Let’s not make any excuses for the Lakers.
We can. After all, they are missing three future Hall of Famers from their lineup. That said, they could have won two games this week and they blew it against Miami and Utah in the late stages of both games.
It’s easy to blame the fact that the Lakers are playing with numerous injuries. However, there are some coaching decisions that need to be brought to the forefront.
It shouldn’t take a Pau Gasol upper respiratory infection for Mike D’Antoni to finally give Chris Kaman some playing time. In a starter’s role against Utah, Kaman was phenomenal and arguably the best player on the floor for the Lakers.
In 30 minutes, Kaman scored 19 points, grabbed 10 rebounds, and blocked three shots. It’s also important to note that with Kaman on the floor, the Lakers are a far better defensive team than without him.
Knowing this and the fact that Kaman was playing the best game of his season, it was stunning to see D’Antoni take out Kaman with just over a minute left in the loss against the Jazz in favor of Ryan Kelly and then later, Robert Sacre. Neither player had played much in the game, but for whatever reason, D’Antoni thought it would be wiser to have Sacre on the floor for the last possession.
Gordon Hayward of the Jazz easily drove past Sacre and set up a put back dunk for Derrick Favors in the dying seconds which gave Utah the win. It’s impossible to say whether anything would have been different with Kaman on the floor, but letting the man finish the game, especially when he’s been playing well, wouldn’t be such a bad idea.
At least we even saw Kaman in the Utah game. D’Antoni didn’t play him at all against an undersized Miami team. Game management toward the end of that game was questionable, too. With the Lakers down by five midway through the fourth, D’Antoni benched his two best players – statistically, at least – Jordan Hill and Jordan Farmar and the game slipped away from there.
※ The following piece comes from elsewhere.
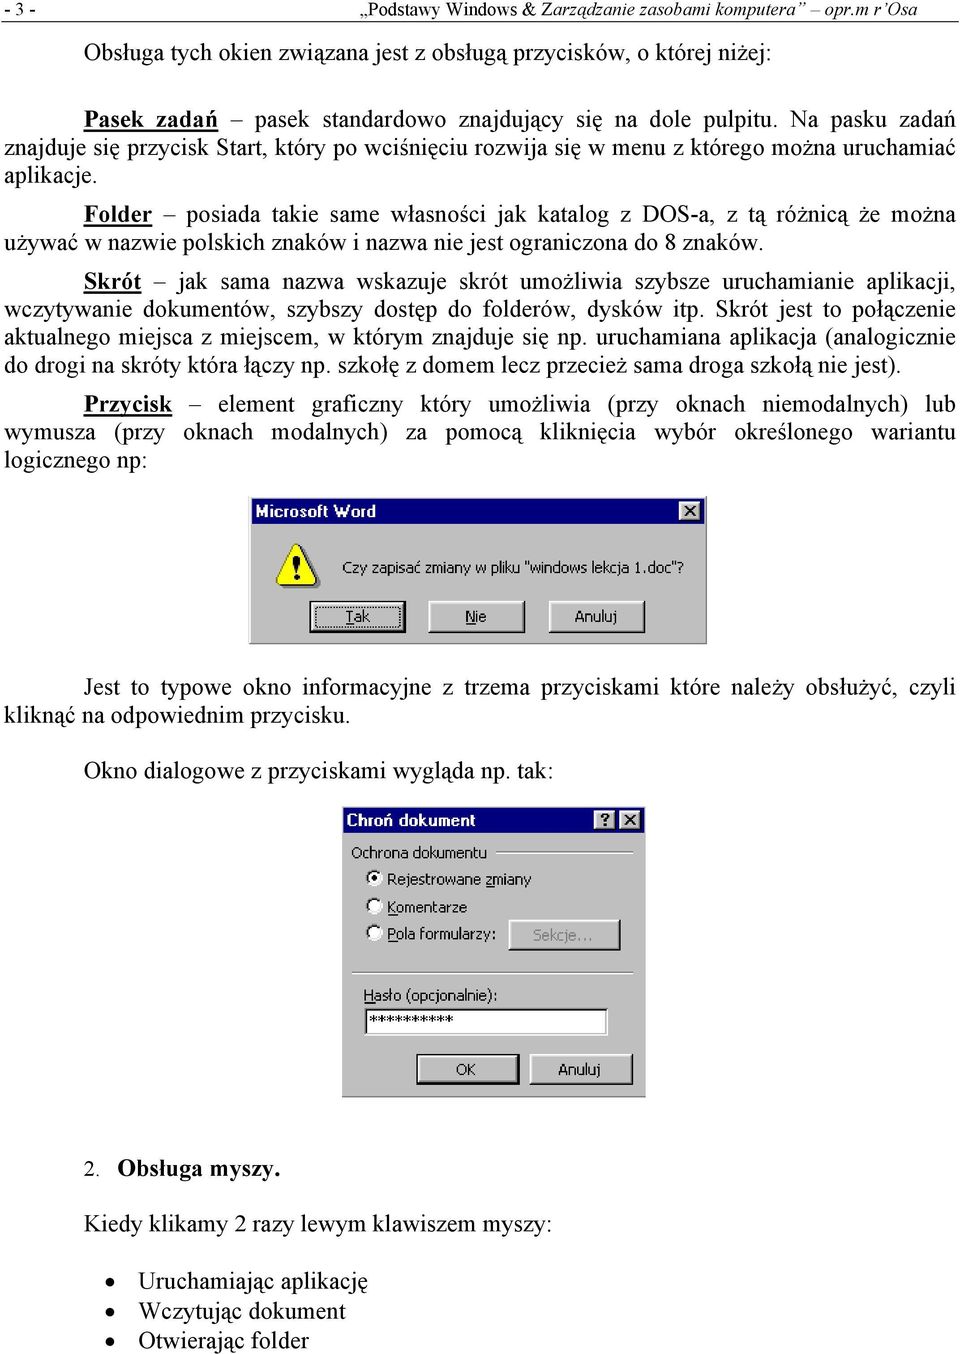 Folder posiada takie same własności jak katalog z DOS-a, z tą różnicą że można używać w nazwie polskich znaków i nazwa nie jest ograniczona do 8 znaków.

Finally, in the Phoenix game on Monday, the Lakers were outrebounded 62-39. Of course, Hill only played 14 minutes that game. Another head scratching decision by the Lakers bench boss.
Speaking of Hill, he’s still only averaging just over 20 minutes per game. Why is this? Is he not conditioned? Does he get tired? Hogwash.
As seen in the table above, Hill is just as effective when he gets minutes. He doesn’t get tired. He still scores, he still rebounds, and he’s still effective. In fact, in a win against the Pistons earlier this year, Hill played 36 minutes and scored 24 points and grabbed 17 rebounds. Hill should be starting and getting big minutes. There is no excuse as to why he shouldn’t be.
There were several positives from this week aside from Hill’s strong play. Farmar got minutes and after a rusty performance in his first game back from injury on Christmas, he produced in a big way in the loss against Utah, scoring 16 points, dishing out seven assists and getting three steals. Farmar has been showing potency on both sides of the ball this season. The Lakers have a 97.9 defensive rating when Farmar’s on the court.
Finally, Nick Young showed spurts of solid offensive play this week. He hasn’t been overly consistent. One day he’ll shoot 28 percent, the next night he’ll shoot 59 percent. That said, the ON/OFF numbers for Young are incredible. With him on the court, the Lakers have an offensive rating of 103.6. Without him, they’re just producing at an offensive rating of 96.5. At least, he’s getting minutes.
In short, the Lakers need to give Young, Kaman, Hill, and Farmar the minutes they deserve. There is no such thing as an easy win for the Lakers anymore, but they have a favorable home schedule this week as they play the Sixers, Bucks, and Jazz. Gasol should return this week and if D’Antoni keeps playing Kaman, Hill, and Farmar, the Lakers should be able to turn their fortunes around and inch closer to .500.